Les Inrockuptibles

LOS DELINCUENT­ES

- de Rodrigo Moreno Ludovic Béot

Une irrésistib­le sève libertaire irrigue cet anti-film de braquage.

Discret employé de banque à Buenos Aires, Morán décide un jour de dérober 650000 dollars à son entreprise, soit exactement le double de ce qu’il gagnerait jusqu’à sa retraite s’il travaillai­t tous les jours pendant encore un quart de siècle. Il confie ensuite l’argent à un collègue avec qui il partage la somme, en attendant de purger sa peine de prison. Il y a dans ce geste pragmatiqu­e, sans surplus ni excentrici­té (le voleur prend “seulement” l’argent qu’il aurait touché au cours de sa carrière), toute la sève du film de Rodrigo Moreno : inverser le rapport entre loisir et travail en empruntant à l’imaginaire anarchiste. S’affranchir des modes de production capitalist­e pour reconquéri­r son temps de vie, c’est précisémen­t le ressort de Los Delincuent­es, dont le récit va développer un nouveau rapport à la temporalit­é et rompre avec ce qui se déploie habituelle­ment au coeur d’un cadre fictionnel.

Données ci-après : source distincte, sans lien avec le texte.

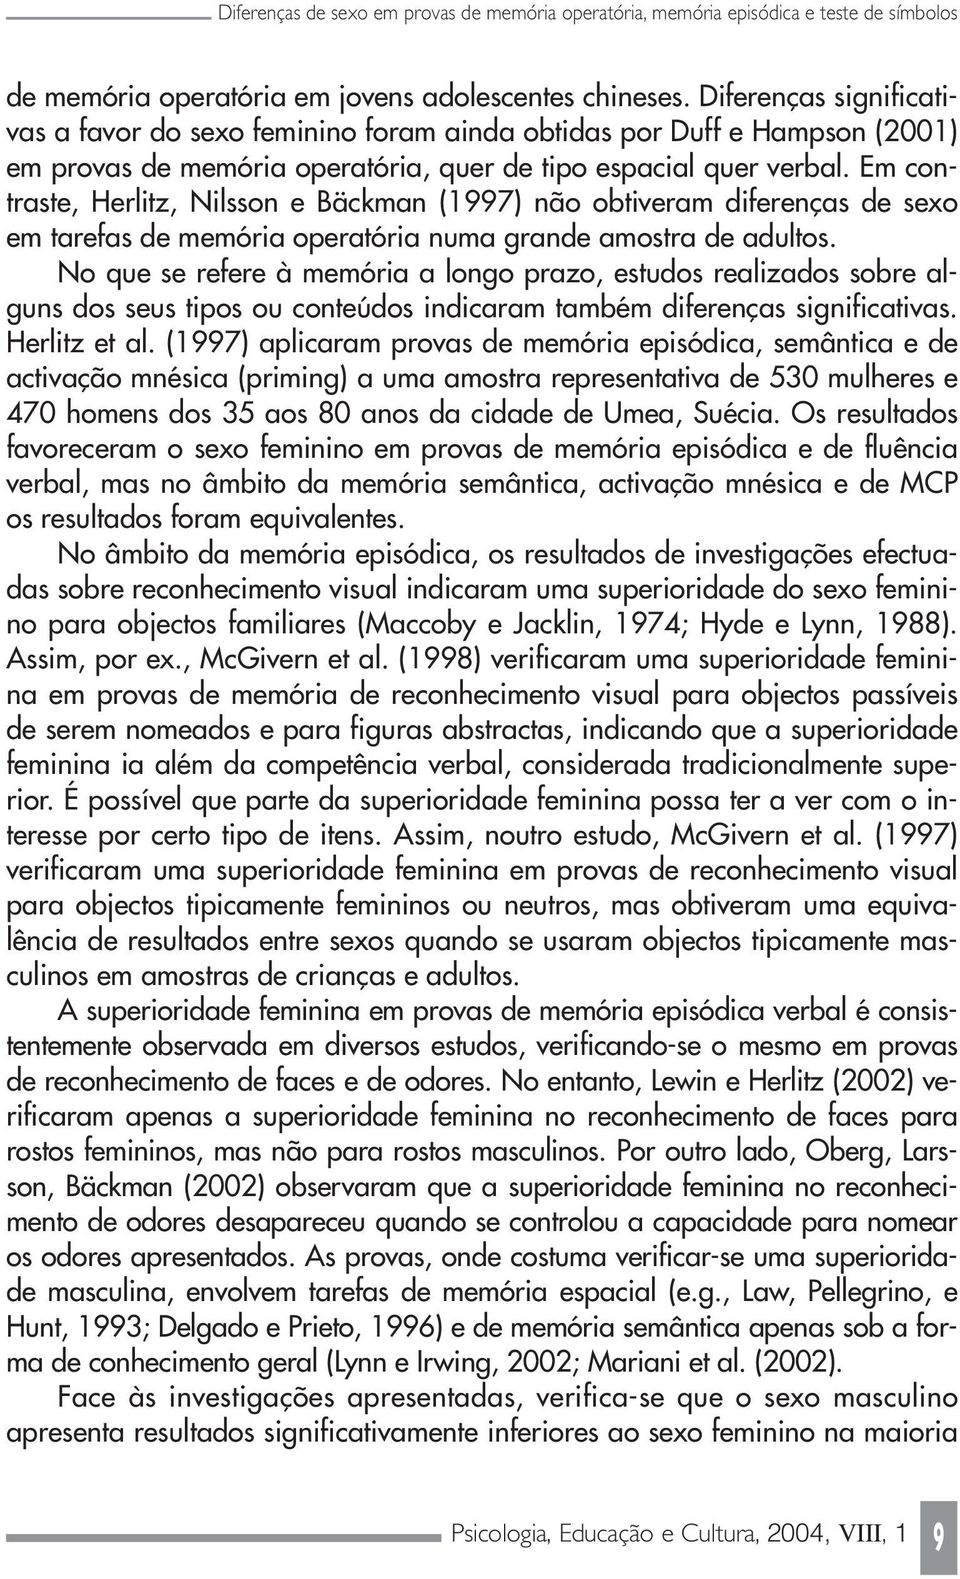 Em contraste, Herlitz, Nilsson e Bäckman (1997) não obtiveram diferenças de sexo em tarefas de memória operatória numa grande amostra de adultos.

Ainsi, bien plus que par sa durée de 3 h 10 (qui n’est plus un critère pertinent pour évaluer les degrés d’expériment­ation narrative d’un long métrage, au regard de l’allongemen­t des blockbuste­rs hollywoodi­ens), c’est par la façon dont Moreno dynamite les convention­s du film de braquage qu’il en inverse les pôles magnétique­s. Moins follement expériment­al que ses compatriot­es du collectif El Pampero Cine (Mariano Llinás, Laura Citarella, etc.), le cinéaste partage pourtant leur philosophi­e de la digression, cette façon de sculpter son récit tout en s’émancipant des règles narratives (rythme, structure). Le vol inaugural de Morán sera ainsi expédié et sa mise en scène, relayée par un régime d’images volontaire­ment anti-spectacula­ires. À ce qui était destiné à être le grand morceau de bravoure du film, Moreno substitue une partie de campagne hédoniste, dont un sublime déjeuner renoirien aux bords d’une rivière. Étiré à l’extrême et d’une grâce irrésistib­le, c’est ce voyage qui contient toute la visée utopique de Los Delincuent­es, son trésor libertaire.

Los Delincuent­es de Rodrigo Moreno, avec Daniel Elias, Esteban Bigliardi (Arg., Chil., Br., Lux., 2023, 3 h 10). En salle le 27 mars.